Exercise goal: Of the lines below, write out exactly those from the line with "HarrY potter Cecil" through the line with "balogh rendering - living deck.jpg", both included, and skip the rest.

Task inputs:
# # # #
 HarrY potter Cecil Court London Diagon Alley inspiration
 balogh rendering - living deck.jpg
# # # #
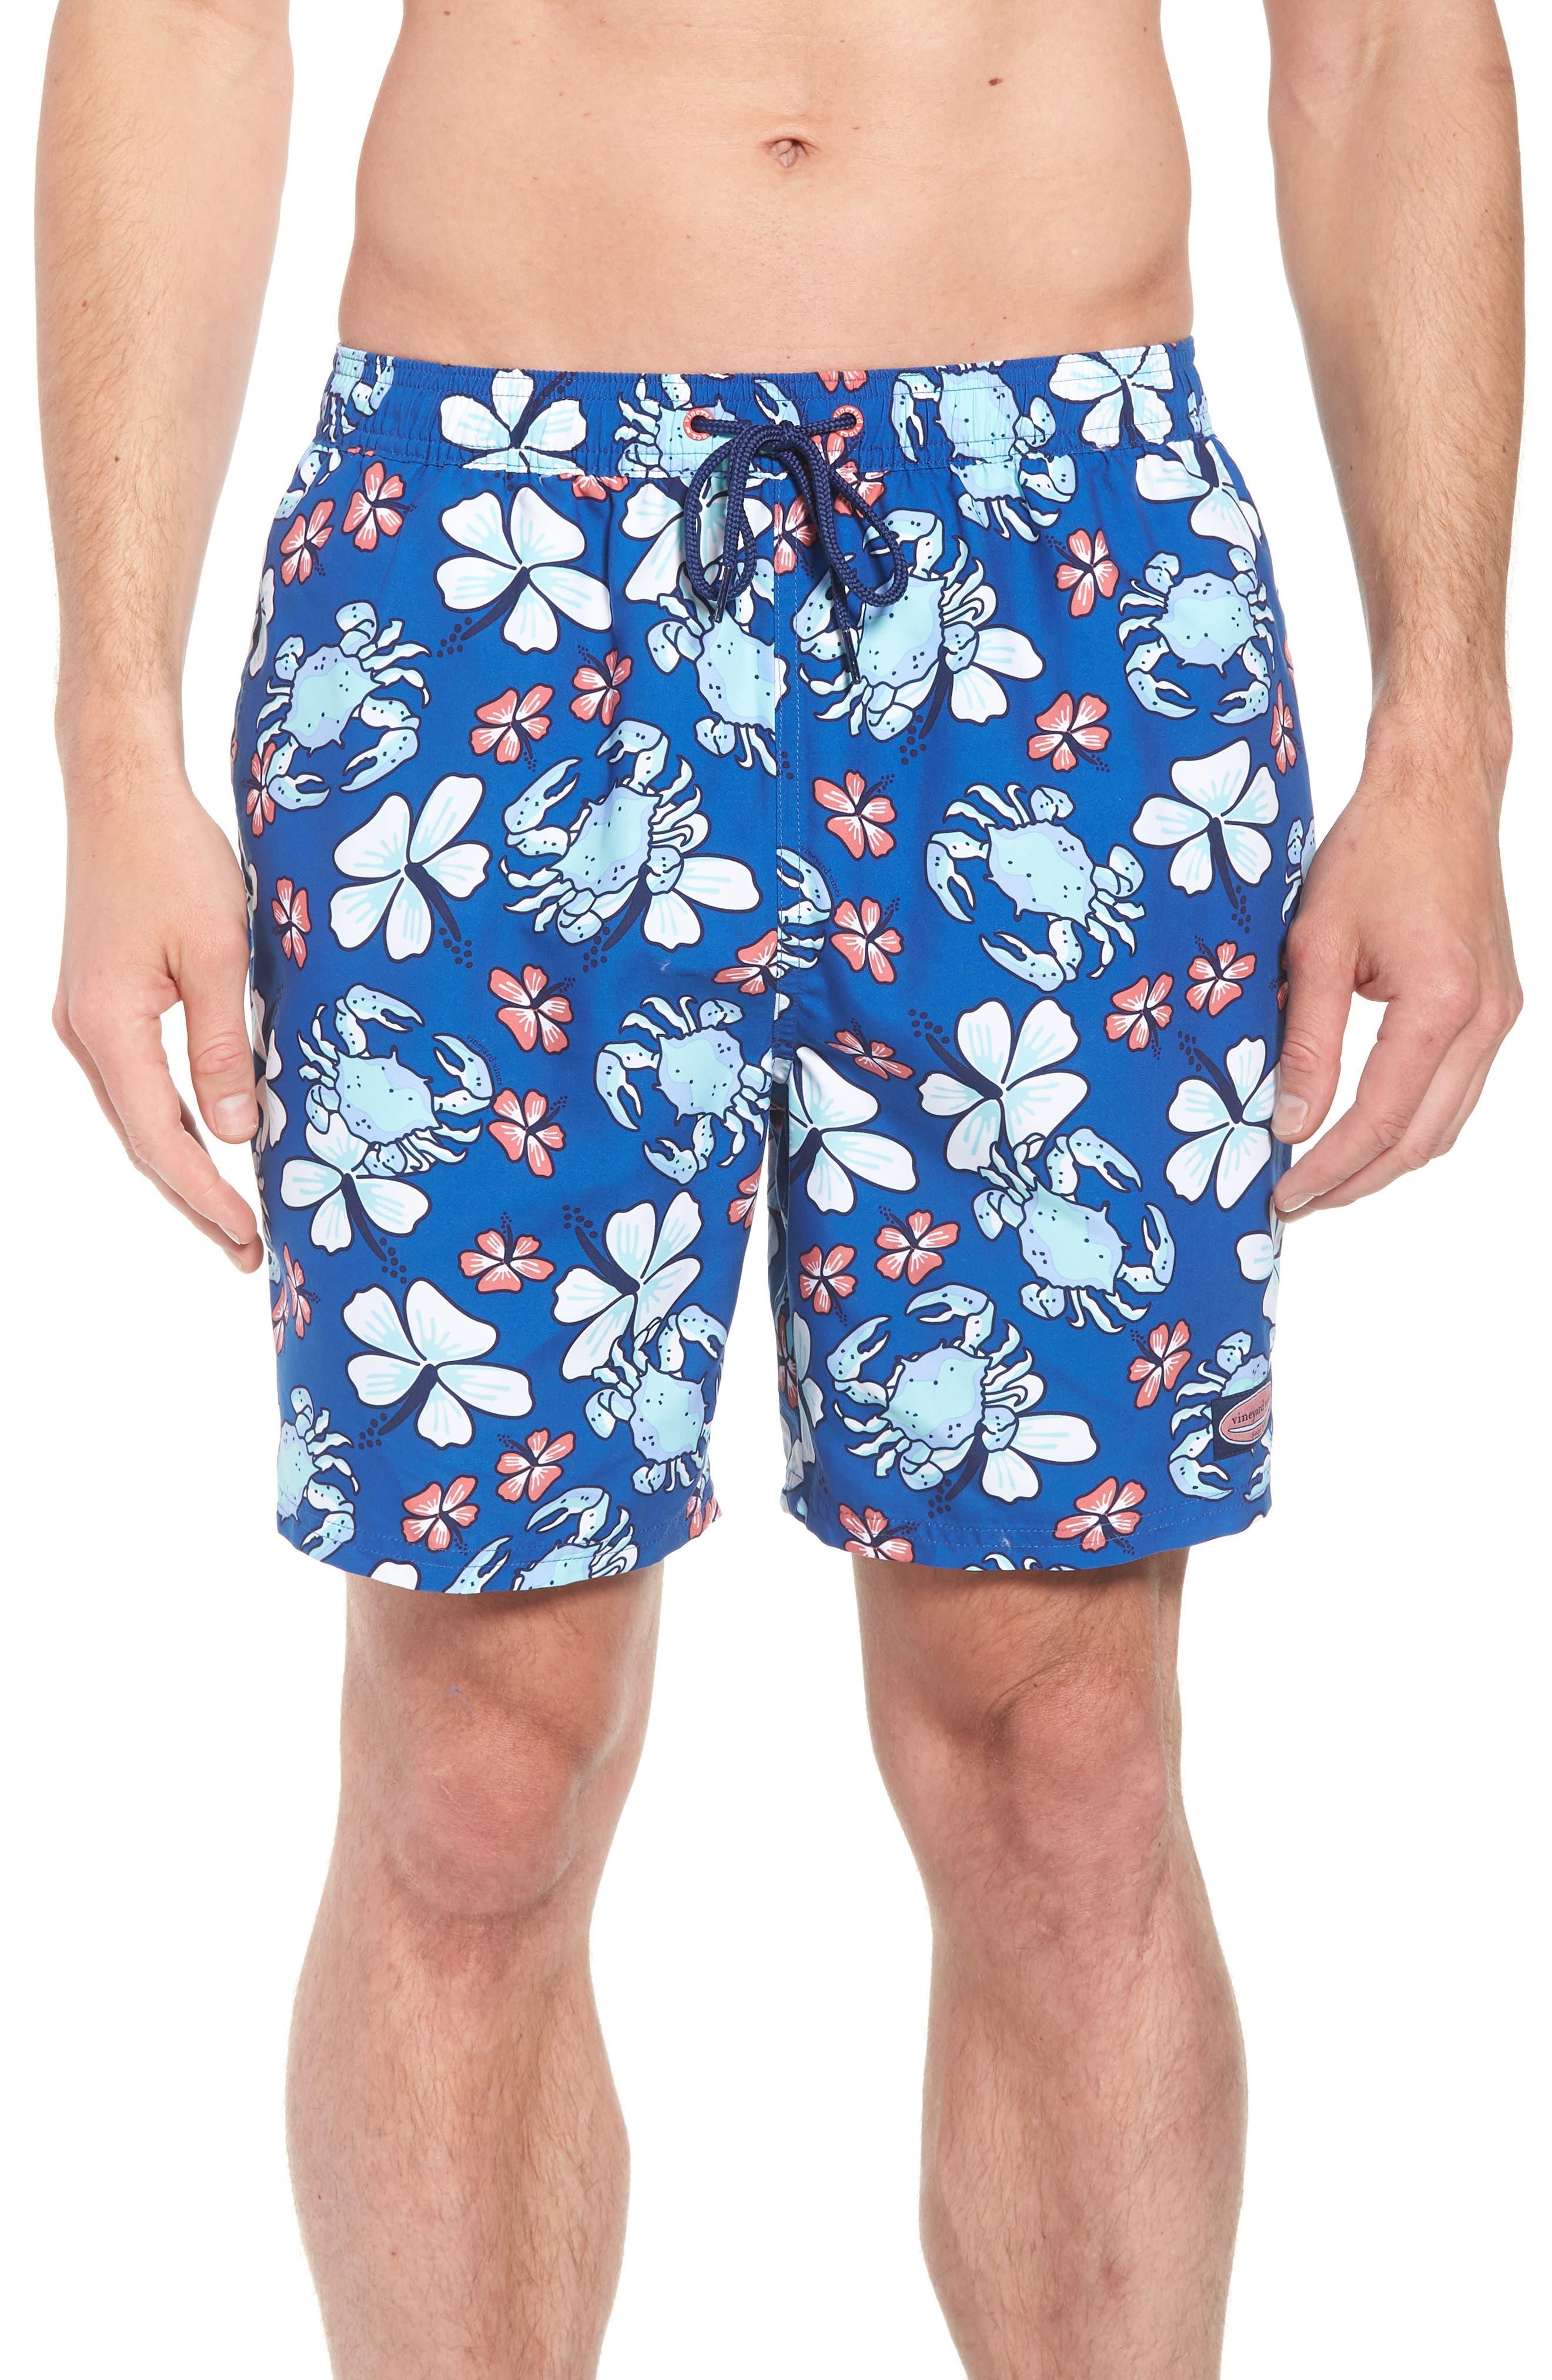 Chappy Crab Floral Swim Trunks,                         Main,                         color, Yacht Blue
# # # #
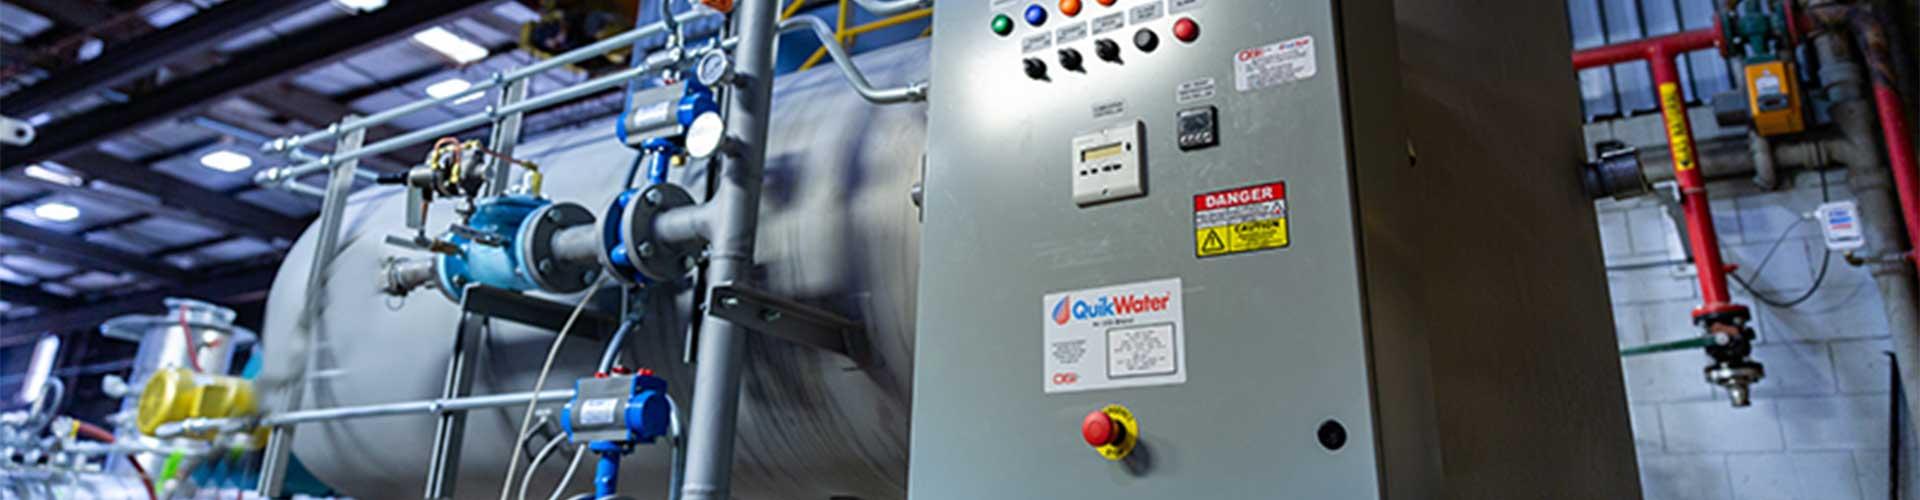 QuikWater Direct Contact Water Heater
# # # #
Your response:
 HarrY potter Cecil Court London Diagon Alley inspiration
 balogh rendering - living deck.jpg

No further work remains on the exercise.